8 min read·June 19, 2026

Most recently, Dr. Caiming Xiong co-founded Recursive AI alongside Richard Socher, an elite frontier research laboratory built around a singular, ambitious hypothesis: automating the scientific process of AI research itself. Backed by Google Ventures, Greycroft, Nvidia, and AMD, the company has raised over $650 million. It is moving away from hand-designed optimization by human engineers toward an open-ended architecture that teaches AI to rewrite its own codebase continuously. His applied research at Salesforce laid the groundwork for Agentforce and the xLAM (Large Action Model) framework systems designed for independent reasoning, long-context planning, and workflow execution in complex B2B pipelines.

"The model is not the product. The model trained as an integral part of the harness is the product. That is the design principle the industry needs to internalize, and healthcare will learn it first, because the cost of getting it wrong is not a degraded user experience. It is a missed diagnosis, a denied claim, or a compliance violation."Dr. Caiming Xiong [suggested quote pending Dr. Xiong's approval]

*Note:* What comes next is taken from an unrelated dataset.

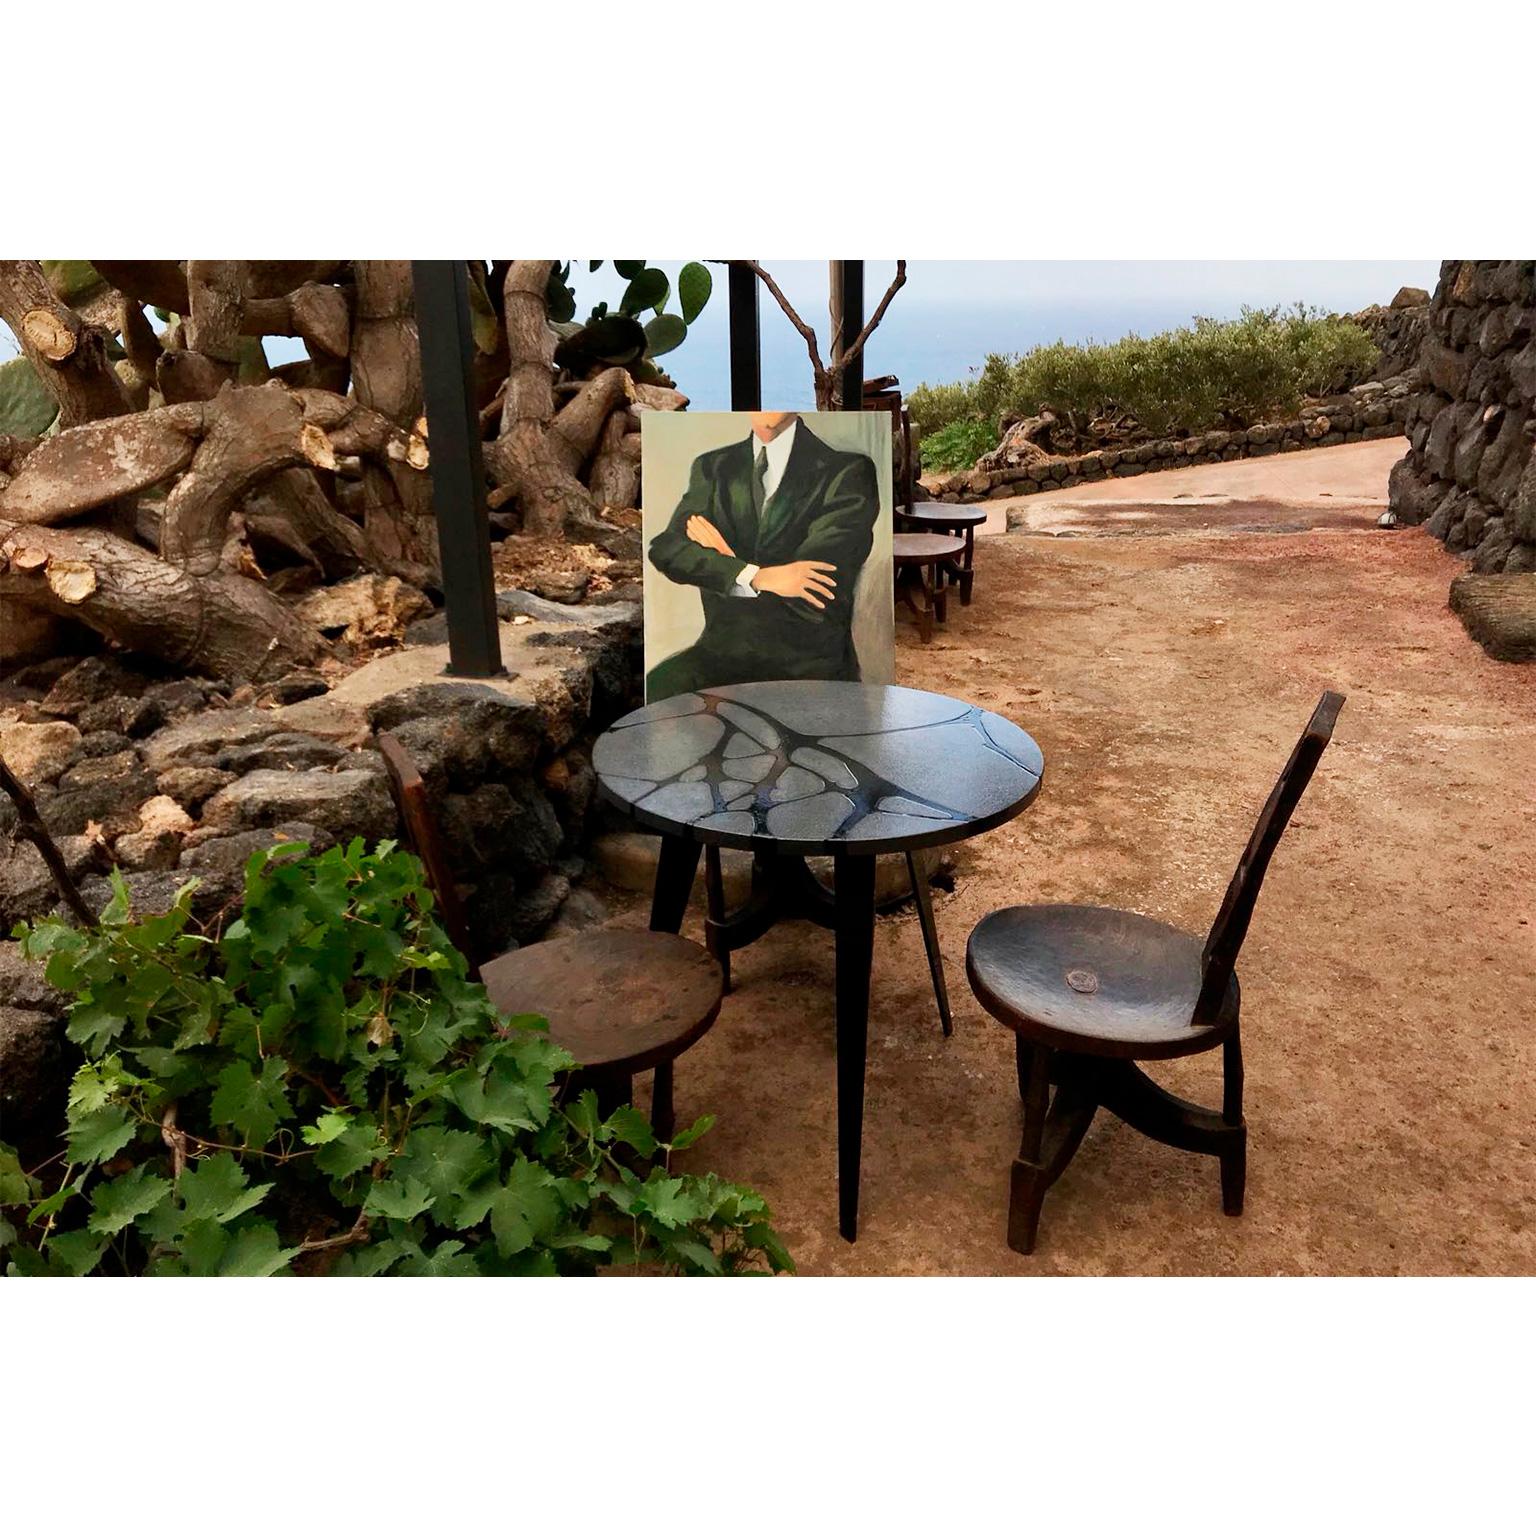 Italian Contemporary Round Outdoor Table in Lava Stone and Steel, Filodifumo For Sale

We sat down with Dr. Xiong to talk about why general-purpose language models fall short inside healthcare agent workflows, what it actually means to co-design a model and a harness, and why the organizations that build closed learning loops will be the ones that win in regulated AI.

THE CONVERSATION

Why General-Purpose Models Are Not Enough for Healthcare Agent Workflows

actAVA: Healthcare and life sciences are two of the most regulated, operationally complex domains in enterprise AI. Where do most model deployments go wrong when they enter these environments?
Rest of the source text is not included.